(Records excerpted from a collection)
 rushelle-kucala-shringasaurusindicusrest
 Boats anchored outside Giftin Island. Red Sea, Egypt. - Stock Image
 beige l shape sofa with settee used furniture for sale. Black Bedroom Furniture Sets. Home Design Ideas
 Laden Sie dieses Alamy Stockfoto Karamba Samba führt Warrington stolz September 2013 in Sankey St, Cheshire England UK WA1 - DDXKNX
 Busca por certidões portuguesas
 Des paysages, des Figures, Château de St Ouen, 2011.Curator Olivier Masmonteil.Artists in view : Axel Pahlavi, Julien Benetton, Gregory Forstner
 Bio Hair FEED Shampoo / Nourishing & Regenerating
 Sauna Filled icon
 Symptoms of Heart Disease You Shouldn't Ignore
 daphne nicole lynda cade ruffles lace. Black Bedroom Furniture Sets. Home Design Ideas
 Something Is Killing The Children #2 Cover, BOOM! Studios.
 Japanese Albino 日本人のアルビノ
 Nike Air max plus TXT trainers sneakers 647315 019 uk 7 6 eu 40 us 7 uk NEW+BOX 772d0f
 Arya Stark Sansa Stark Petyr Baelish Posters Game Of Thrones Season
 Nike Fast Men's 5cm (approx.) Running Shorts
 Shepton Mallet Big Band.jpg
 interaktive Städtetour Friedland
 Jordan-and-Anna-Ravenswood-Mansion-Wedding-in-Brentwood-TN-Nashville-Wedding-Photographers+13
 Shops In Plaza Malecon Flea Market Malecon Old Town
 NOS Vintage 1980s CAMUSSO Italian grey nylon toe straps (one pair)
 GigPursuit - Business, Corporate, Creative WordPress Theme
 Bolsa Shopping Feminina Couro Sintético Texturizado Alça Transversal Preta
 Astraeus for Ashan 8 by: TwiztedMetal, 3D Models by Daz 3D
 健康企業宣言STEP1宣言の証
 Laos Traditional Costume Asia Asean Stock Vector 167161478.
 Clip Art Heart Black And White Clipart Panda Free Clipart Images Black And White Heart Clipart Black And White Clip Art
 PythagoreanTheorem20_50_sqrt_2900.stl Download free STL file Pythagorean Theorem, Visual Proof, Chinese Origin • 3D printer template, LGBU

TASK STATEMENT:
Return verbatim each line from the one that mentions "Shepton Mallet Big Band.jpg" to the end of the entries, inclusive.

RESPONSE AREA:
 Shepton Mallet Big Band.jpg
 interaktive Städtetour Friedland
 Jordan-and-Anna-Ravenswood-Mansion-Wedding-in-Brentwood-TN-Nashville-Wedding-Photographers+13
 Shops In Plaza Malecon Flea Market Malecon Old Town
 NOS Vintage 1980s CAMUSSO Italian grey nylon toe straps (one pair)
 GigPursuit - Business, Corporate, Creative WordPress Theme
 Bolsa Shopping Feminina Couro Sintético Texturizado Alça Transversal Preta
 Astraeus for Ashan 8 by: TwiztedMetal, 3D Models by Daz 3D
 健康企業宣言STEP1宣言の証
 Laos Traditional Costume Asia Asean Stock Vector 167161478.
 Clip Art Heart Black And White Clipart Panda Free Clipart Images Black And White Heart Clipart Black And White Clip Art
 PythagoreanTheorem20_50_sqrt_2900.stl Download free STL file Pythagorean Theorem, Visual Proof, Chinese Origin • 3D printer template, LGBU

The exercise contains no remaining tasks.